**Material provided**

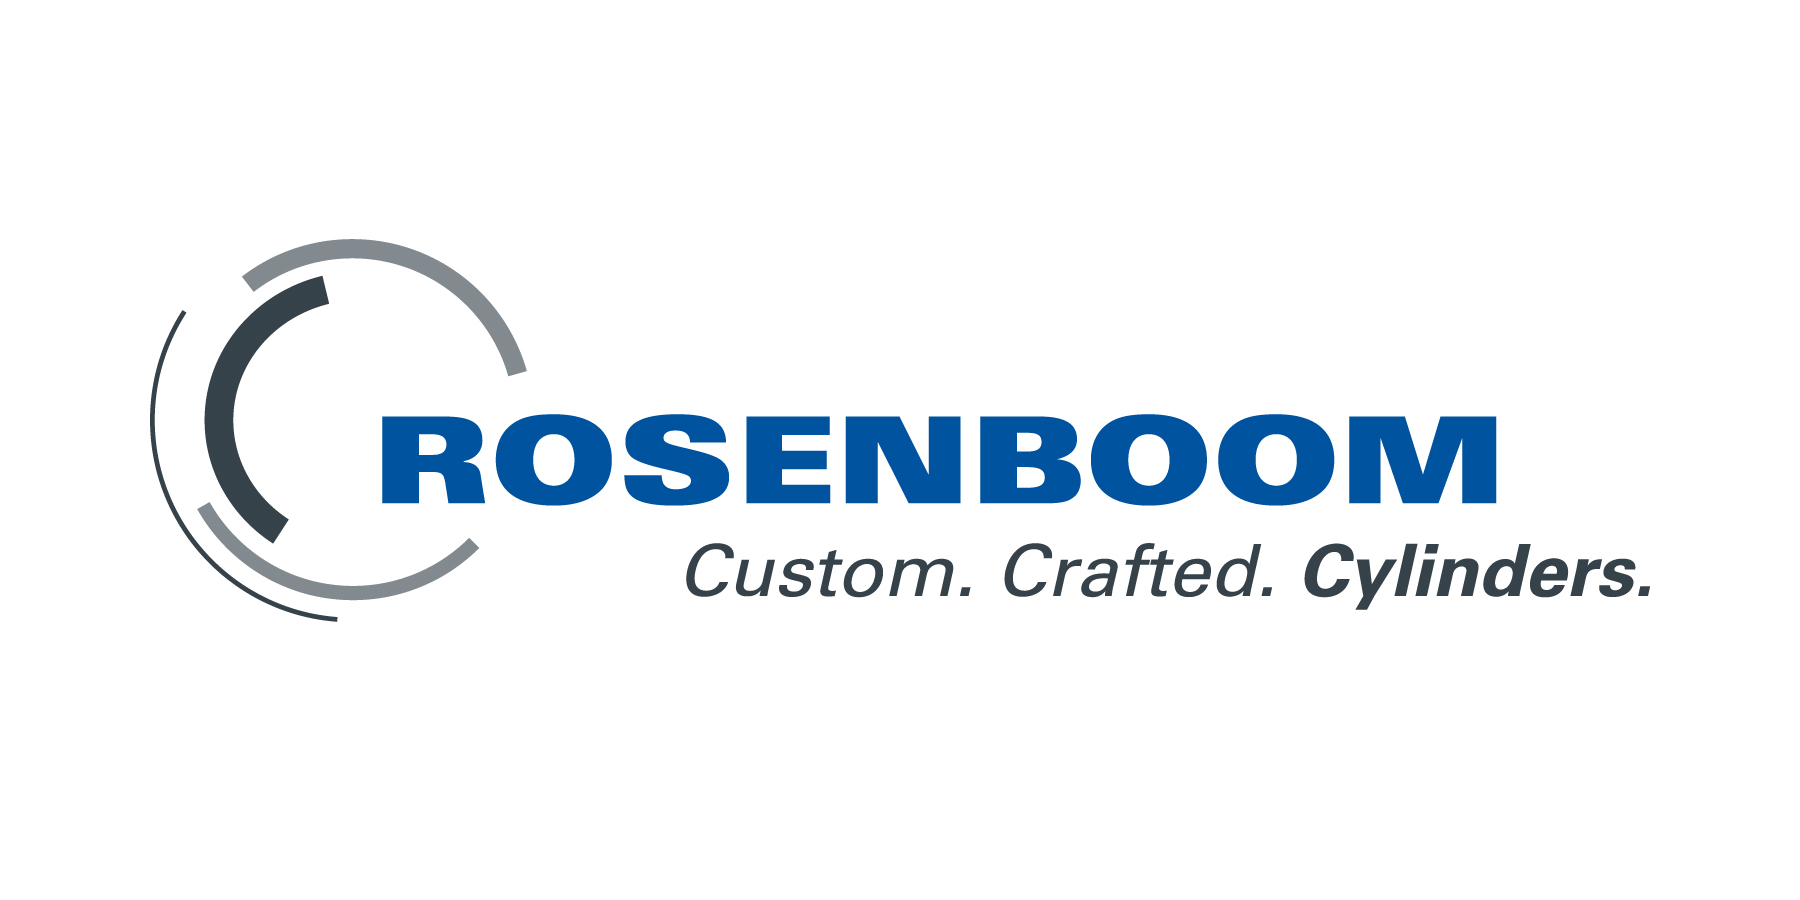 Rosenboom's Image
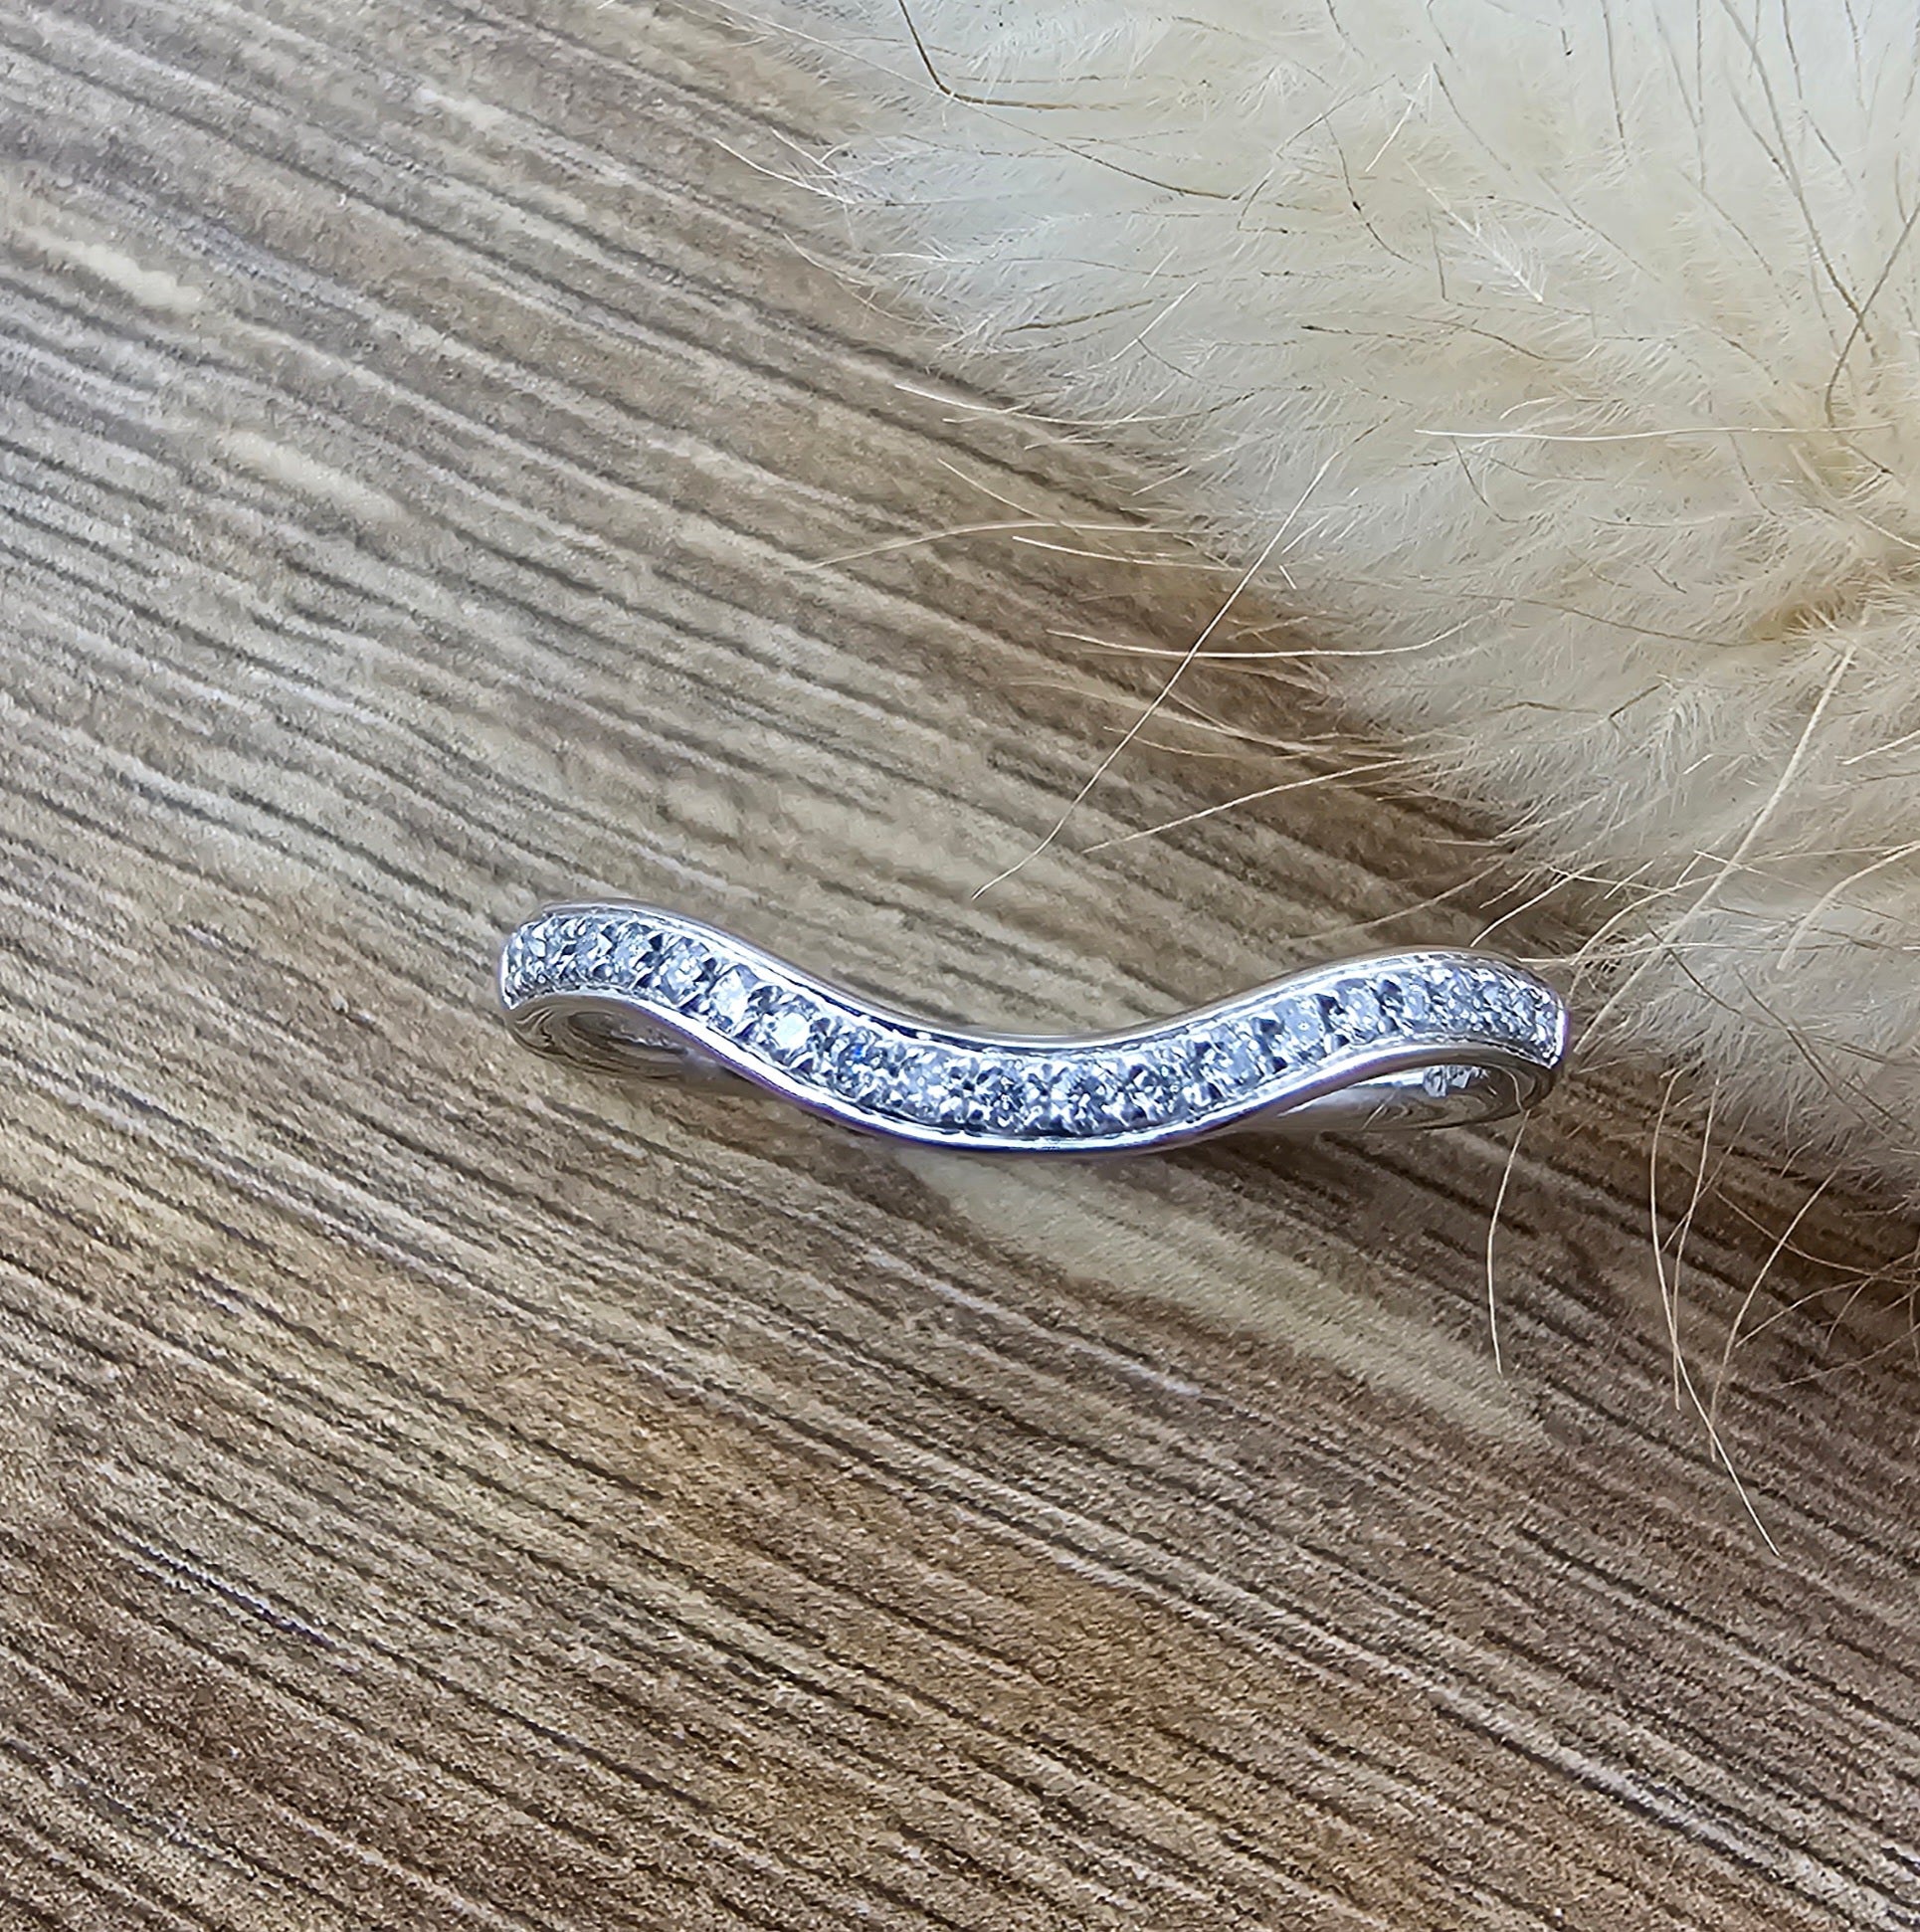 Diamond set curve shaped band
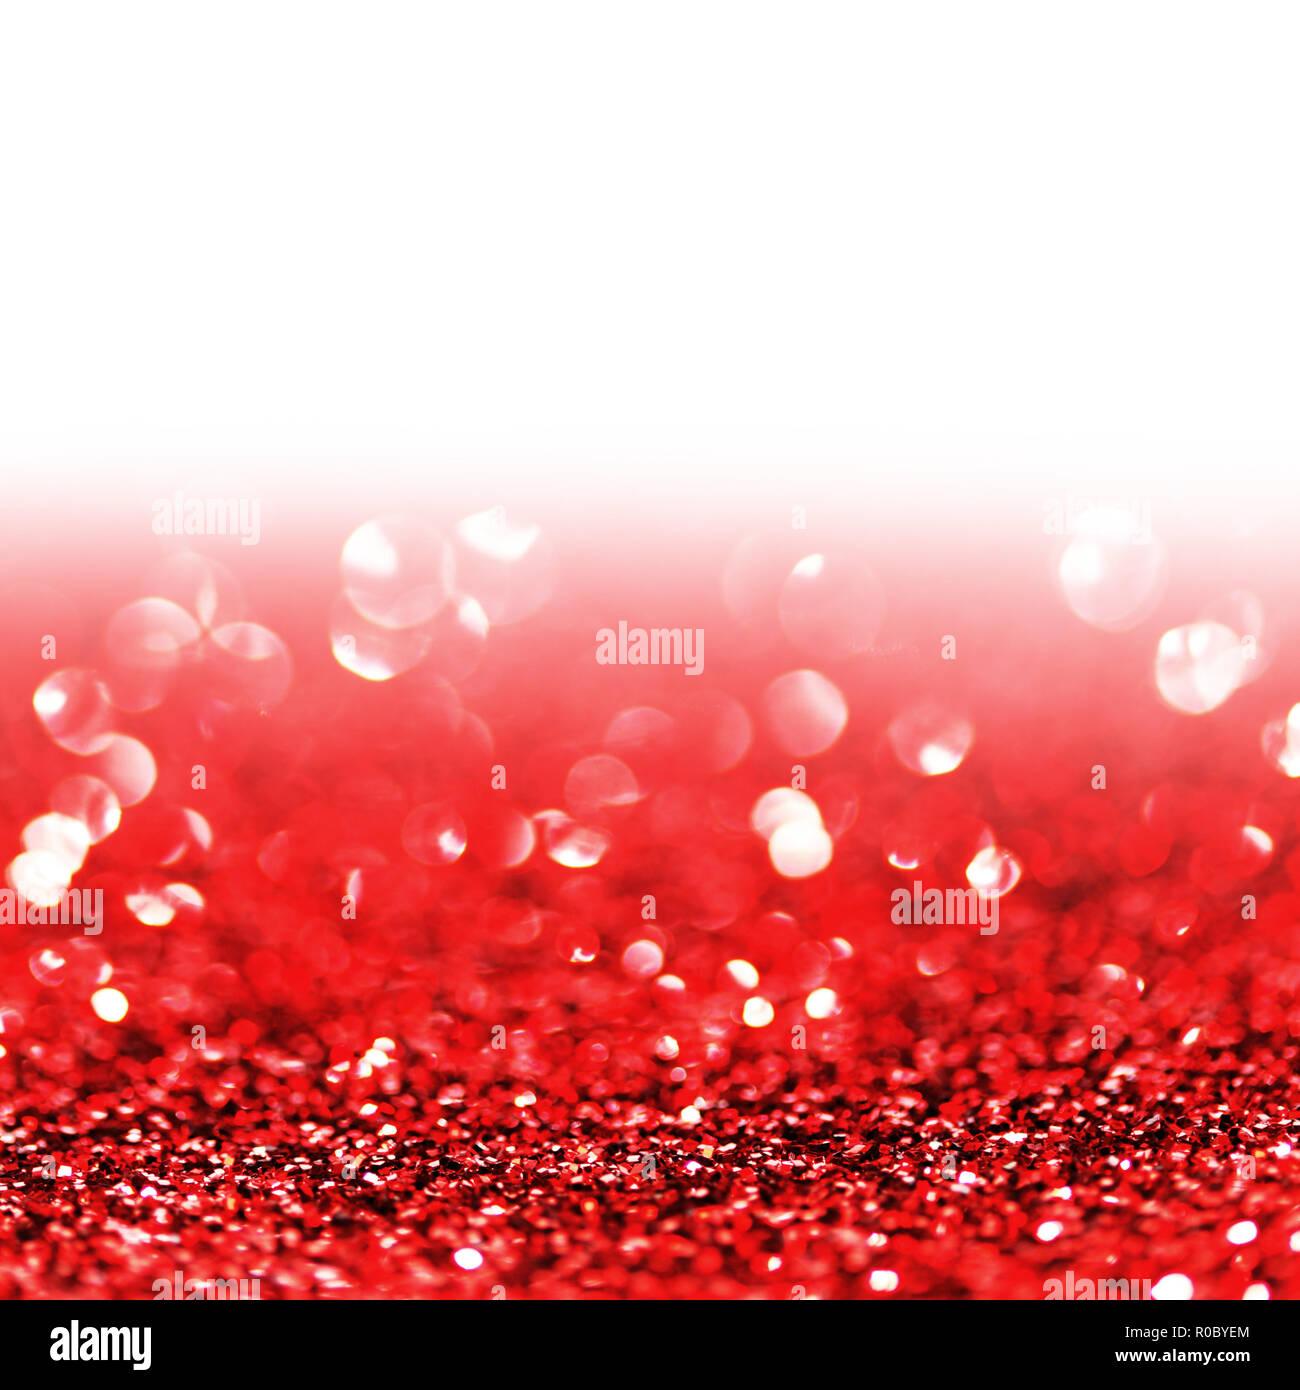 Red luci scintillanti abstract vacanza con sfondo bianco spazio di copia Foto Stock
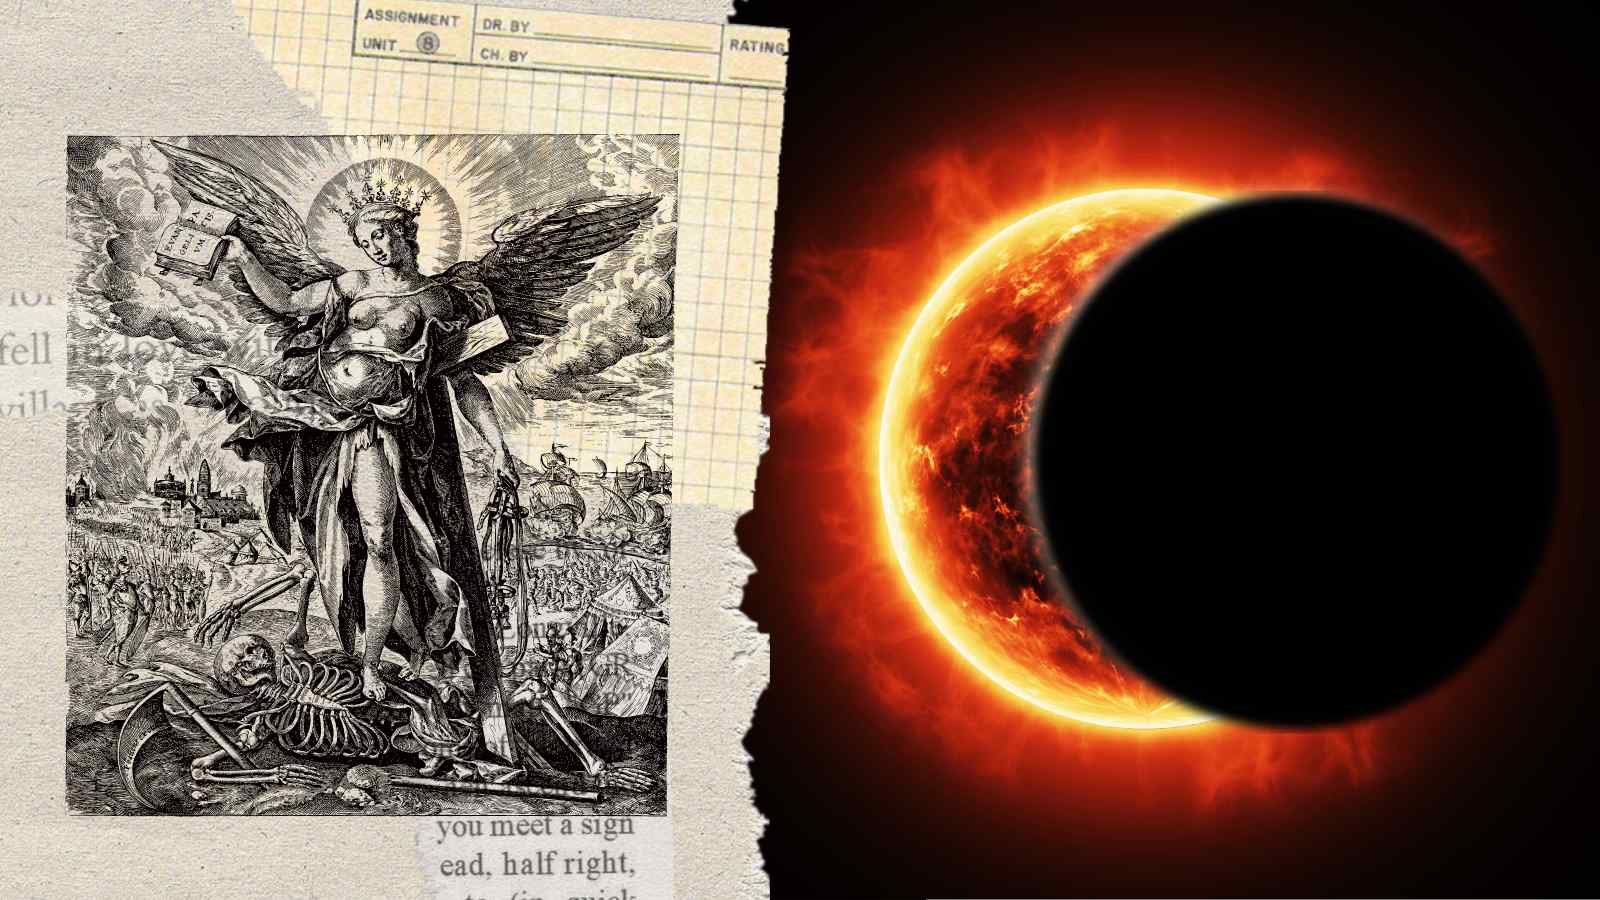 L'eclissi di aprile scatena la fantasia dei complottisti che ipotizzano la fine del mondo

**Work to complete**
An unchanged copy of the data, images excluded, is all that should be given.

**Response to this task**
 Rosenboom's Image
 Diamond set curve shaped band
 Red luci scintillanti abstract vacanza con sfondo bianco spazio di copia Foto Stock
 L'eclissi di aprile scatena la fantasia dei complottisti che ipotizzano la fine del mondo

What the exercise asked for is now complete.